* _Problem description_: Look below for the line that contains "Nine west Three-quarter-sleeve", then copy it and each following line exactly, through and including the line that contains "Logo Truck service".

Extracted records:
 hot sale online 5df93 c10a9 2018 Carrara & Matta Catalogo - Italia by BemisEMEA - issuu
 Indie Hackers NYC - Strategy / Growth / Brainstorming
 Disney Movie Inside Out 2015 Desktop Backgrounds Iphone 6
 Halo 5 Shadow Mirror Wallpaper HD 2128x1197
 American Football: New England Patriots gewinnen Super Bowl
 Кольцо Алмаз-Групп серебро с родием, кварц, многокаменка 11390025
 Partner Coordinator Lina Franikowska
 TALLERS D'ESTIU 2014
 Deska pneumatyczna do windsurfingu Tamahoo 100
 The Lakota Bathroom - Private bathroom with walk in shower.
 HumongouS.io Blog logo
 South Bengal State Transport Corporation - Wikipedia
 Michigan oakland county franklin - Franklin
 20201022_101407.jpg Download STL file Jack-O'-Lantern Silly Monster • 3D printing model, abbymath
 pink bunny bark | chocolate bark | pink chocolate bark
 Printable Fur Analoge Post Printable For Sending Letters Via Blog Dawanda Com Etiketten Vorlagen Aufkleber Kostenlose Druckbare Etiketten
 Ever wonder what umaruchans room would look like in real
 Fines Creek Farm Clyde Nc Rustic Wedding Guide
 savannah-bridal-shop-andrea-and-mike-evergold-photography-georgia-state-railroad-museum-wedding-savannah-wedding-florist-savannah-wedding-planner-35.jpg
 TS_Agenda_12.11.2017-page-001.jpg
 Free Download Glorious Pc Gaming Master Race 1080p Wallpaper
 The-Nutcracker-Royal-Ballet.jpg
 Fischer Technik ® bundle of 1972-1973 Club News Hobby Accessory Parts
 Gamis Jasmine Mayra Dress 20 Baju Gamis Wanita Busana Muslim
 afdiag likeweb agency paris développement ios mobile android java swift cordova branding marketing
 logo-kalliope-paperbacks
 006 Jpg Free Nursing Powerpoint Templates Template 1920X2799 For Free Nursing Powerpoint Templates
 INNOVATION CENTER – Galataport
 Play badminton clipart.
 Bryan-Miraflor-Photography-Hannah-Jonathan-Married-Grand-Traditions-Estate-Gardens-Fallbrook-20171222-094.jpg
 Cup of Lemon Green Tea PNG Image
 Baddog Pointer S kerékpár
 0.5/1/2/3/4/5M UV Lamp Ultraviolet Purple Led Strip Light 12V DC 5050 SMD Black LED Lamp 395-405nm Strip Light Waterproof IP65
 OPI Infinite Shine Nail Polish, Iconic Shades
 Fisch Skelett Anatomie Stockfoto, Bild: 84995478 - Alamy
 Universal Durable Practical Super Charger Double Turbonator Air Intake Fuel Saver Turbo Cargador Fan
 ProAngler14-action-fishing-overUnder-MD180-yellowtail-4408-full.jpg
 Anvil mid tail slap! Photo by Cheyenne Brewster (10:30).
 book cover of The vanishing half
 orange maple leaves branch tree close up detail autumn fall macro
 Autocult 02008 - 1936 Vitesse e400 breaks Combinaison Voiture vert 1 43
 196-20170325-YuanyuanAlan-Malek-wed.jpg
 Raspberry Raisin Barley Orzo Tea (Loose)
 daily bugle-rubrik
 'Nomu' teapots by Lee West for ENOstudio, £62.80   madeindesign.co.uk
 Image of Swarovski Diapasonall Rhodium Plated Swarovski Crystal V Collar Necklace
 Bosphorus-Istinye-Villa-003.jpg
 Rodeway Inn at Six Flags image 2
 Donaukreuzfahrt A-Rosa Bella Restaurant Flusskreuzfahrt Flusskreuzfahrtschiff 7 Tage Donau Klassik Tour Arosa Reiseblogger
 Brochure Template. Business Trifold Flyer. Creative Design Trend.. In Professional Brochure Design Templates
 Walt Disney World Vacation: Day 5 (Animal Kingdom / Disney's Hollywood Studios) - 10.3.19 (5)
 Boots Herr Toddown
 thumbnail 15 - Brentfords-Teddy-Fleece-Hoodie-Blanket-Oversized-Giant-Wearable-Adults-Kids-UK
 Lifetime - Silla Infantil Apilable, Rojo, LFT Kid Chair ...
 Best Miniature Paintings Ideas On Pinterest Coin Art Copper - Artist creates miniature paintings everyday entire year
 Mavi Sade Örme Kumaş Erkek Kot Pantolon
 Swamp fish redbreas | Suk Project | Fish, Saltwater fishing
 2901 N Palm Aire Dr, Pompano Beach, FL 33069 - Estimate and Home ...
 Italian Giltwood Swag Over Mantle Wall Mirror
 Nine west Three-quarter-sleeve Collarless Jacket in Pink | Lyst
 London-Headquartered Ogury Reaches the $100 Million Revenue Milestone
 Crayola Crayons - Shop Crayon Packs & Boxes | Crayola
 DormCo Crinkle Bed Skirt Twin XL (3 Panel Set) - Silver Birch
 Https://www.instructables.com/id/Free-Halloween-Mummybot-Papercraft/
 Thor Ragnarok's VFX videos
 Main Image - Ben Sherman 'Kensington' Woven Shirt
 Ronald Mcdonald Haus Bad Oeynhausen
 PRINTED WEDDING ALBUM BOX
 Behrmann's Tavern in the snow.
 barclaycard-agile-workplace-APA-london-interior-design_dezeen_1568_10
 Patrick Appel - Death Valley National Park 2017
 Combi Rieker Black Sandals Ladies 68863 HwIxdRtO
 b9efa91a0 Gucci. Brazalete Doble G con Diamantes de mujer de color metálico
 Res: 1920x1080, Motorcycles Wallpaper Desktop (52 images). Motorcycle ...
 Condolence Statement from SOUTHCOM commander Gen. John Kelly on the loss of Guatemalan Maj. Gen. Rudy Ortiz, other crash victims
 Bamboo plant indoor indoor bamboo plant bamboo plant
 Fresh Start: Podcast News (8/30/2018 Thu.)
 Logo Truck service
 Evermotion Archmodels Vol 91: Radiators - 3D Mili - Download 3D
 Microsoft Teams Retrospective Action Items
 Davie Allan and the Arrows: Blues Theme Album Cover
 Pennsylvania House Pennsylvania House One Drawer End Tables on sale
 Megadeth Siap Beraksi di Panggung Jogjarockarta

* _Response below_:
 Nine west Three-quarter-sleeve Collarless Jacket in Pink | Lyst
 London-Headquartered Ogury Reaches the $100 Million Revenue Milestone
 Crayola Crayons - Shop Crayon Packs & Boxes | Crayola
 DormCo Crinkle Bed Skirt Twin XL (3 Panel Set) - Silver Birch
 Https://www.instructables.com/id/Free-Halloween-Mummybot-Papercraft/
 Thor Ragnarok's VFX videos
 Main Image - Ben Sherman 'Kensington' Woven Shirt
 Ronald Mcdonald Haus Bad Oeynhausen
 PRINTED WEDDING ALBUM BOX
 Behrmann's Tavern in the snow.
 barclaycard-agile-workplace-APA-london-interior-design_dezeen_1568_10
 Patrick Appel - Death Valley National Park 2017
 Combi Rieker Black Sandals Ladies 68863 HwIxdRtO
 b9efa91a0 Gucci. Brazalete Doble G con Diamantes de mujer de color metálico
 Res: 1920x1080, Motorcycles Wallpaper Desktop (52 images). Motorcycle ...
 Condolence Statement from SOUTHCOM commander Gen. John Kelly on the loss of Guatemalan Maj. Gen. Rudy Ortiz, other crash victims
 Bamboo plant indoor indoor bamboo plant bamboo plant
 Fresh Start: Podcast News (8/30/2018 Thu.)
 Logo Truck service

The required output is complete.